NORWAY – For the past decade, the Unitarian-Universalist Church has been trying to raise $18,000 – practically penny by penny – to restore its 68-year-old organ, according to church members.
So far, the church has raised about $10,000, according to Nancy Wood, chairwoman of the church’s restoration committee. Much of this money has come from church members dropping bottles off at redemption centers and donating their proceeds, she said.
The organ, an Aeolian Skinner, forms the backdrop of the pulpit, and looks something like a wedding cake, with great big golden pipes rising through the middle of it.

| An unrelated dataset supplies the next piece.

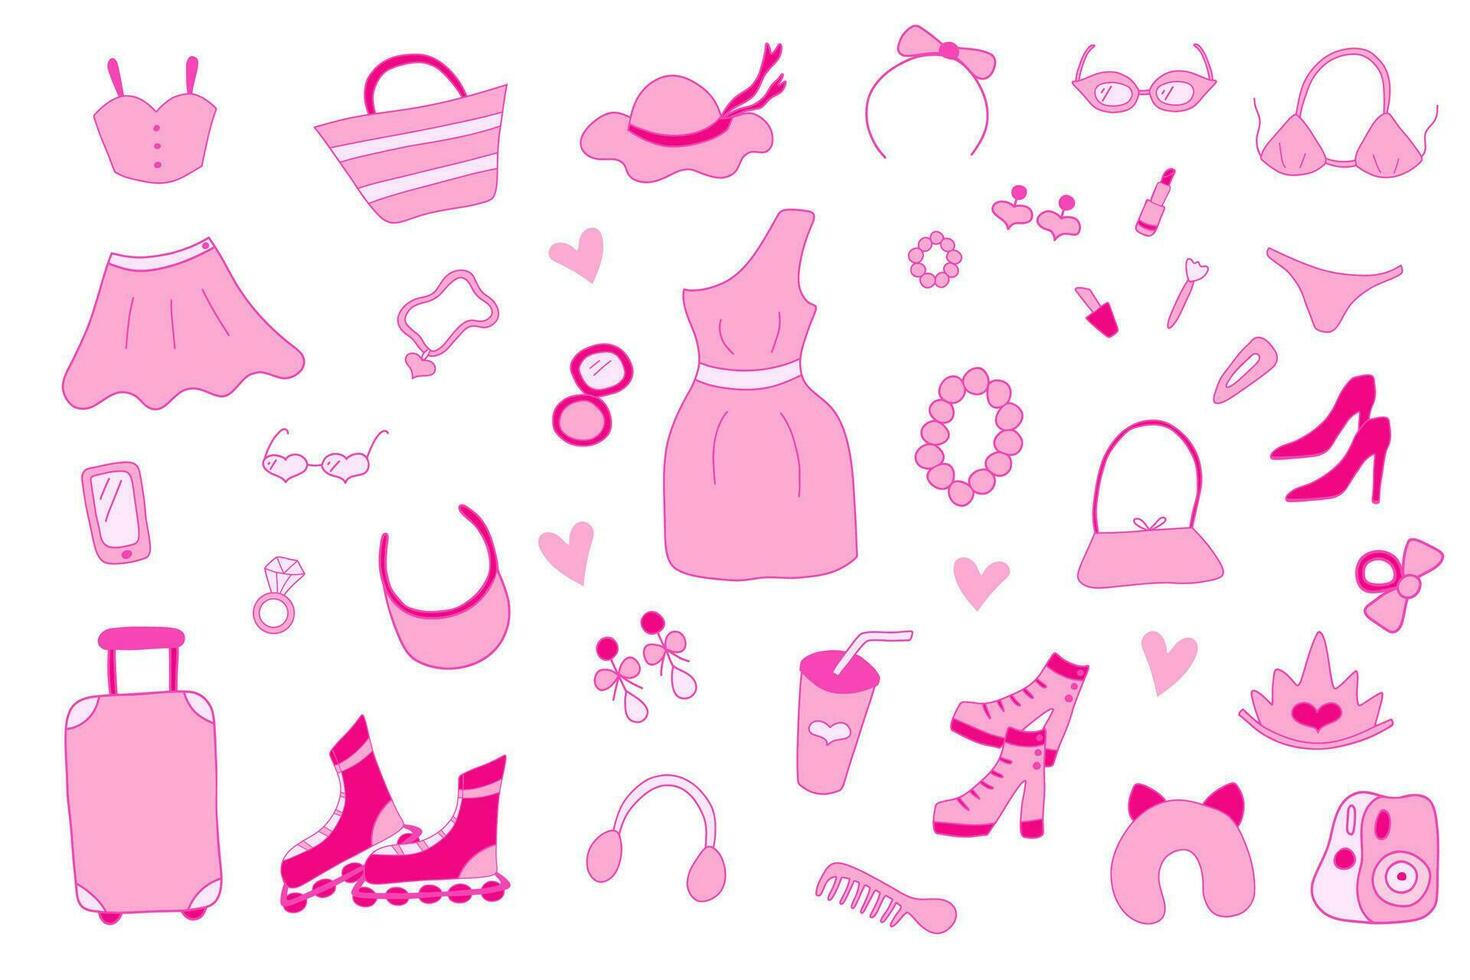 atractivo de moda rosado pegatinas colocar. nostálgico barbiecore 2000 estilo colección.aislado elementos en blanco antecedentes vestido, traje de baño, teléfono, cámara, anteojos, lápiz labial, sombrero, zapatos, bolsa, rodillos vector

Patricia Shearman, a church member, said the organ is somewhat rare because it’s in relatively decent shape for its age. Organ restorer John Gass said, though, that if you play the organ now, “you would never know what you were going to get.”
Gass, who lives in Holden, has been working on the organ for four weeks and predicts it will take another three. “It’s a nice little instrument,” he said, in muted admiration of the rather large instrument.
When the organ is fixed up, the church plans to hold concerts with it and its black Steinway grand piano that once belonged to Minne Plummer of South Paris, a well-known opera singer known as Madame Scalar. She was the second wife of Dr. Charles A. Stephens.
“Any time you have additional musical instruments in a community,” Shearman said Tuesday, “it enhances the quality of life.”